I have perused the link under the FQA section on phone and internet but as usual I am stuck at options available, or lack there of, for those of us in the US. 

I want to carry a US phone number so family, tenants and prospective business contacts can call me on the US line. I want to be able to take calls while out and about and not tied to a computer. I have Verizon at the moment and my contract is expiring some time in Feb. I can go with any provider that meets my needs.

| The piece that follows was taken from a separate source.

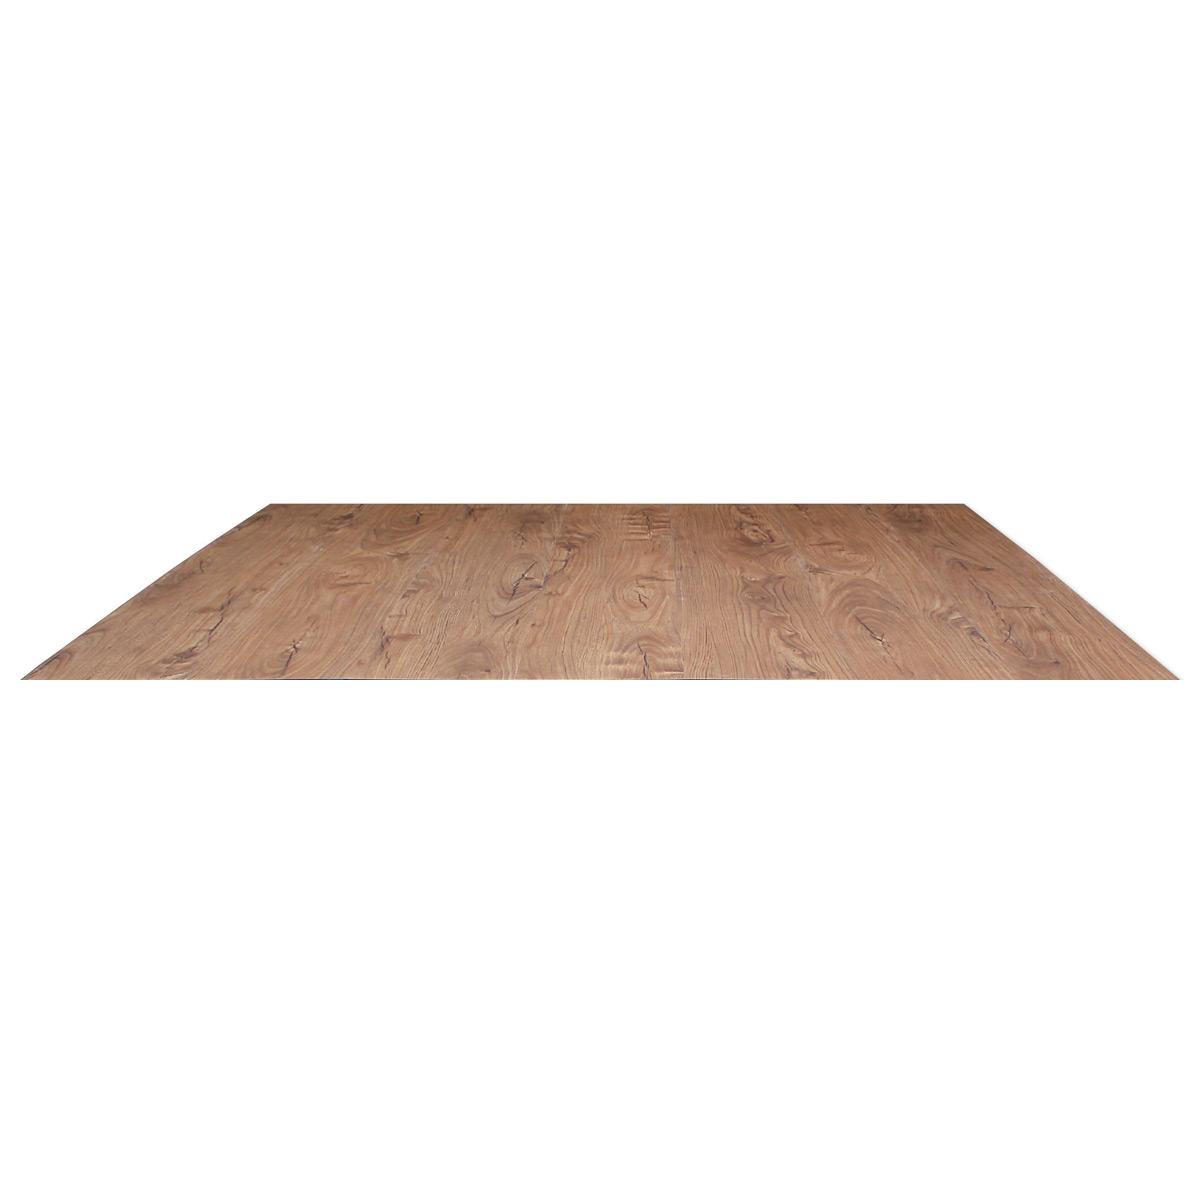 Neu holz 1 11m vinyl laminate flooring planks oak for Vinyl laminate flooring

I would greatly appreciate information on how to make this happen and your experience with plans/rates, quality/reliability, or any advice you can give.

Thank you in advance.


----------



## bellakem (May 20, 2012)

I use the magic jack app downloaded to my iPhone. It assigns you a U.S phone number. All your calls are free and very clear. You can receive calls if you have wifi connected, otherwise they can leave you a voice mail and you can call back on wifi.


----------



## lavidabuena (Nov 27, 2013)

Use Skype call forwarding with a subscription plan.

Skype call forwarding, how to forward incoming calls on Skype

Call forwarding international fees - Skype Community

No data connection needed. Where ever you are, as long as you have reception, you'll receive the call.


----------